In an integral vision, the impersonal and personal truth of things can be reconciled if the Supreme Reality is conceived in its biune aspect of Self and Self-Power. The Supreme Person is then actually a dual Person -"Ishwara-Shakti, the Divine Self and Creator and the Divine Mother and Creatrix of the universe". (Ibid, 356) This is the foundation of "the masculine and feminine cosmic Principles whose play and interaction are necessary for all creation". (Ibid)

Does this duality represent an opposition between Ishwara and Shakti? Sri Aurobindo explains that in the Superconscient poise of Reality, they are fused and involved in each other and are indistinguishable.

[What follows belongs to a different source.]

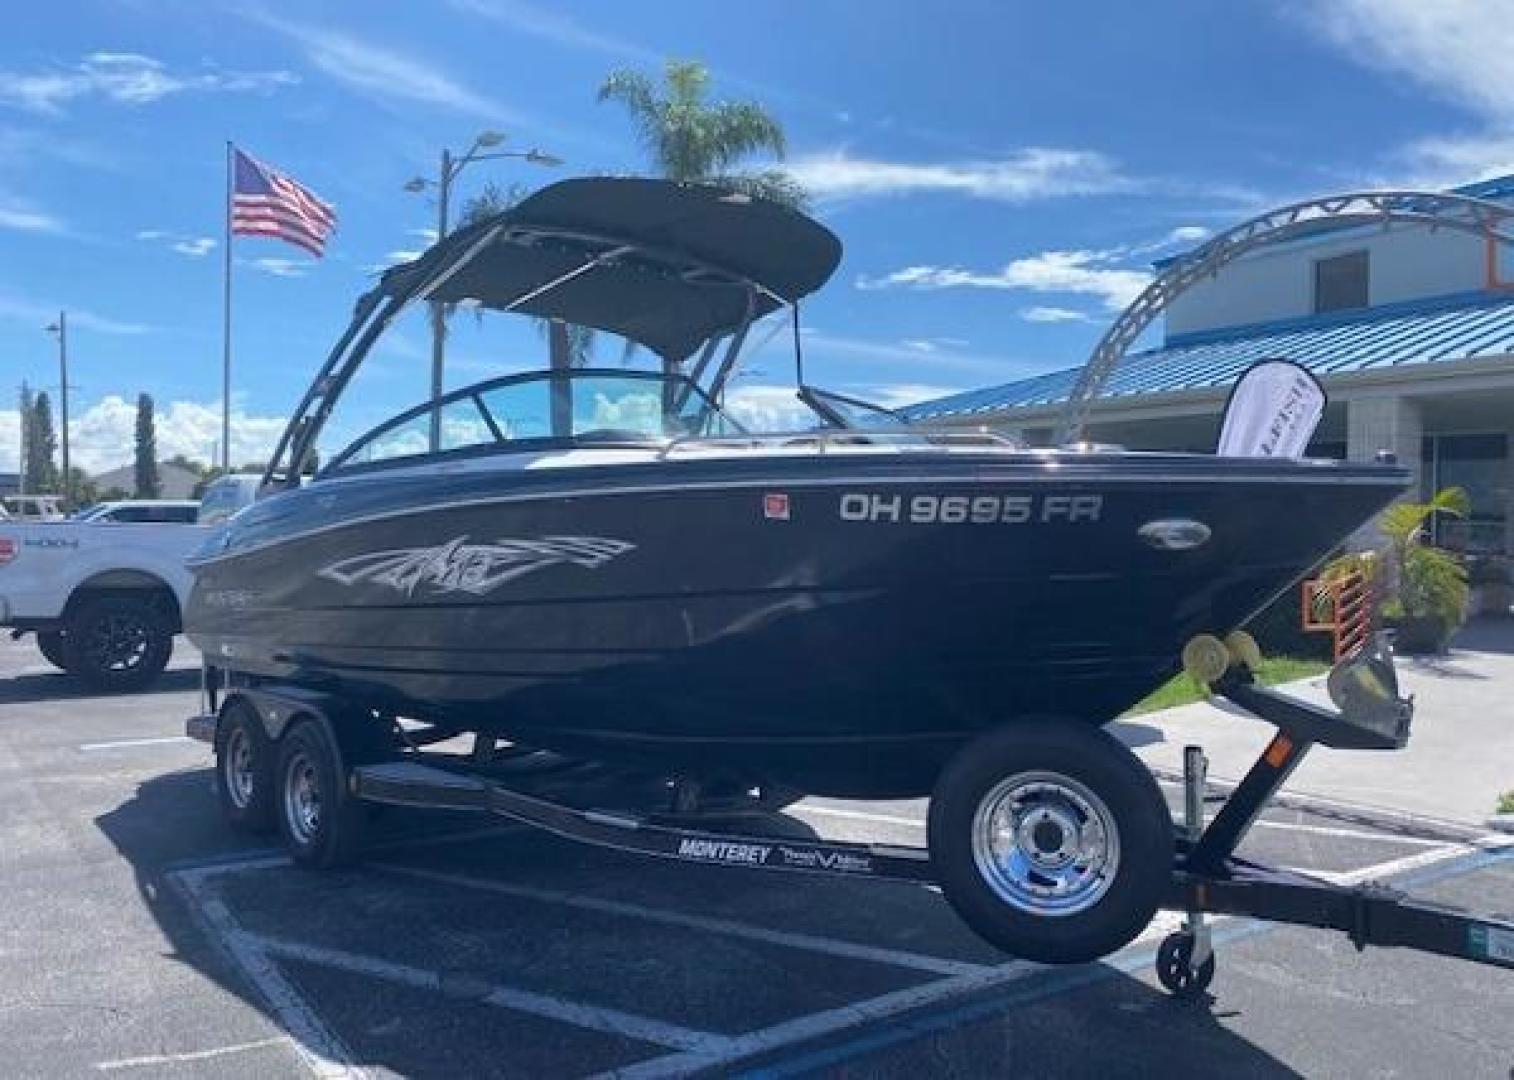 Monterey-224FSX 2017-Monterey 224FSX Tampa Bay-Florida-United States-1530706 | Thumbnail

However, "in the spiritual-pragmatic truth of the dynamism of the universe, they emerge and become active". (Ibid)

As a result, "the Divine Mother-Energy as the universal Creatrix, Maya, Para-Prakriti, Chit-Shakti, manifests the cosmic Self and Ishwara and her own self-power as a dual principle; it is through her that the Being, the Self, the Ishwara, acts and he does nothing except by her; though his Will is implicit in her, it is she who works out all as the supreme Consciousness-Force who holds all souls and beings within her and as executive Nature". (Ibid)

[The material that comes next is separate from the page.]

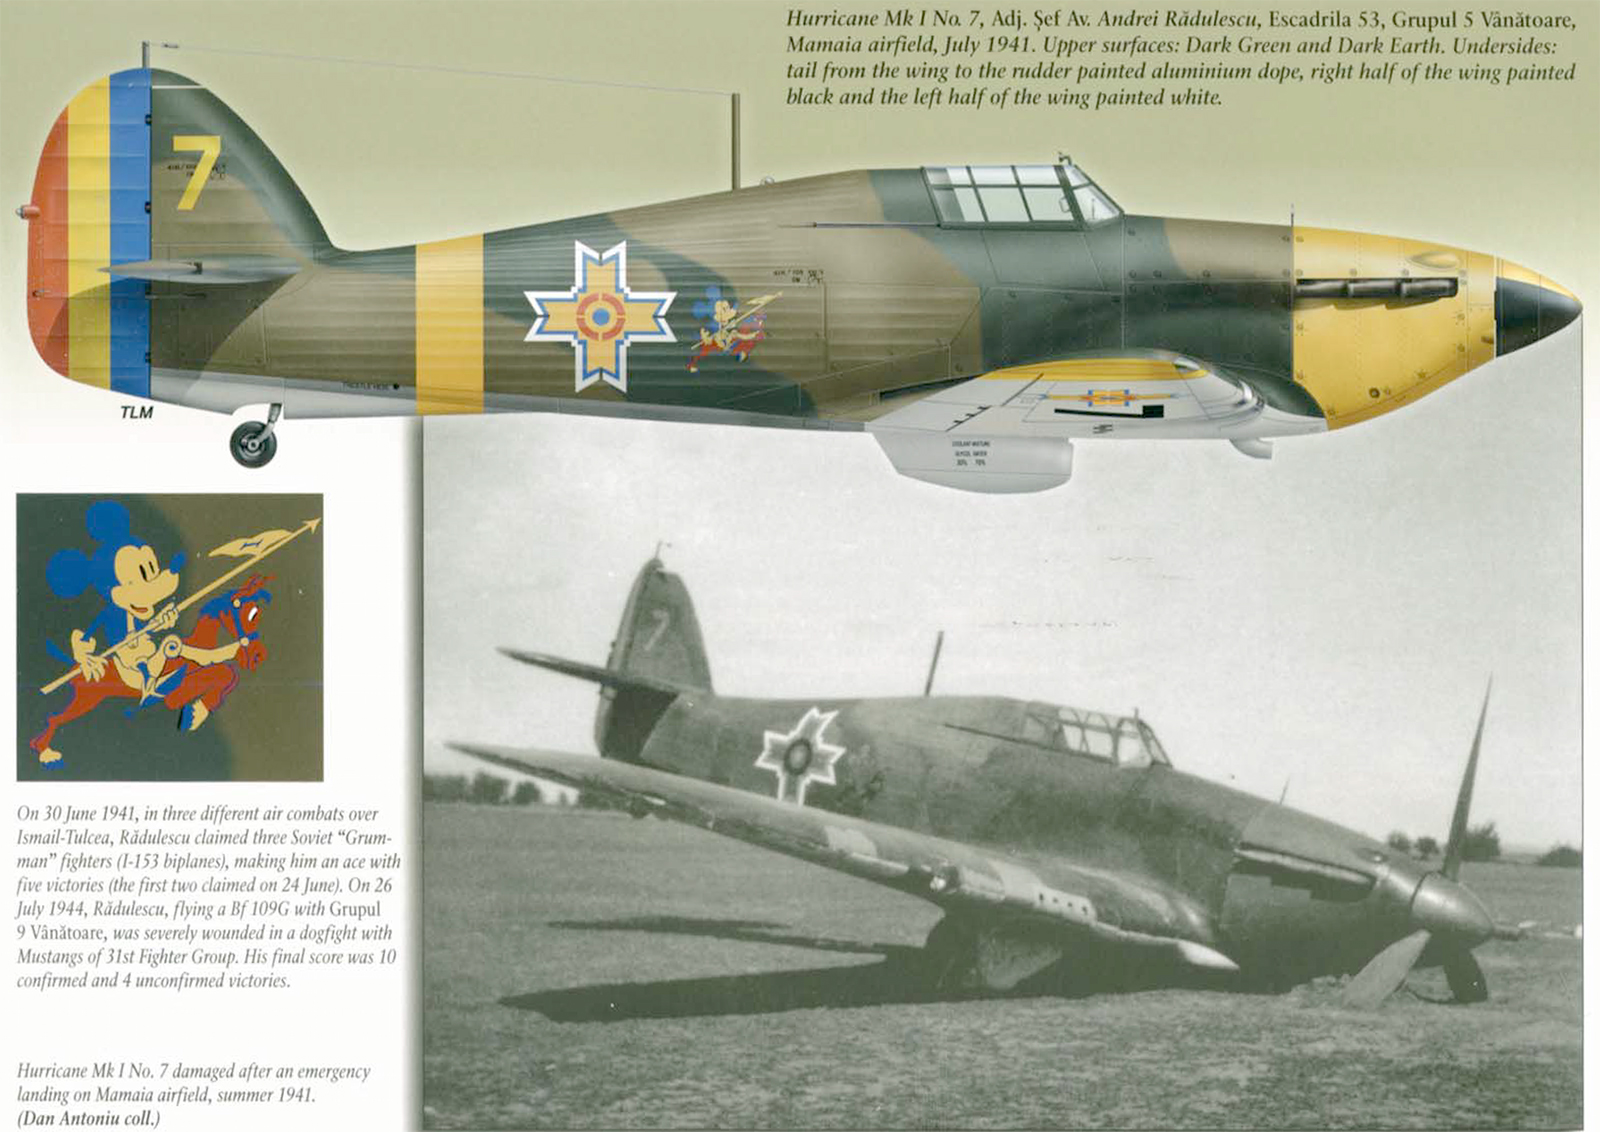 Hawker Hurricane Rumanian AF Esc 5.53 Yellow 7 Horia Agarici Rumania 1941 Mushroom 9111 0A

This realization leads to two spiritual possibilities. We can withdraw from all activities in Nature to a quiescence but actually we can do that only as it is the Divine Mother-principle who gives her consent for that withdrawal. Or we can "affirm our independence of Nature". (Ibid) But in that case we cannot remain in the ego-bound lower Nature but have to arise into the ego-surpassing Higher Nature with the Shakti of the Divine Mother. And this Higher Nature itself has gradations for there is a yet higher formulation of the Shakti in the poise of Supramental Shakti which can transform the present mentality in her terms. (Ibid, 357)

Thus Existence can be conceived in three aspects or three modes of Dynamis who do not contradict each other. It is the One Being who becomes biune so that we have three poises of the same Reality. "One Being, one Reality as Self bases, supports, informs, as Purusha or Conscious Being experiences, as Ishwara wills, governs and possesses its world of manifestation created and kept in motion and action by its own Consciousness-Force or Self-Power, Maya, Prakriti, Shakti". (Ibid)

However these metaphysical abstractions have to be supplemented by dynamic experiential realizations that are neither rational nor intellectual but essentially spiritual and mystical. "The mystery of things is the true truth of things; the intellectual presentation is only truth in representation, in abstract symbols, as if in a cubist art of thought-speech, in geometric figure." Yet, Sri Aurobindo admits that an intellectual representation also has its value if it is based on a concrete experience and expressed through a "more living and full-bodied language". This also indicates that the Truth needs to be presented in different ways in accordance to the Time-Spirit.

The Many and the One

In the light of the One Divine Being becoming a dual being, the relation between the Many and the One becomes a bit different from the conventional theistic conception where the Many represent a secondary phenomenon created by the primary Being or God just as vessels made by a potter. (Ibid, 358) However equations change in the integral view:

1. In the larger and more comprehensive vision, "the Many are themselves the Divine One in their inmost reality". (Ibid) The Many are thus equally eternal as the Supreme and each integer of the Many is supported by the soul which is an immortal projection of Divinity.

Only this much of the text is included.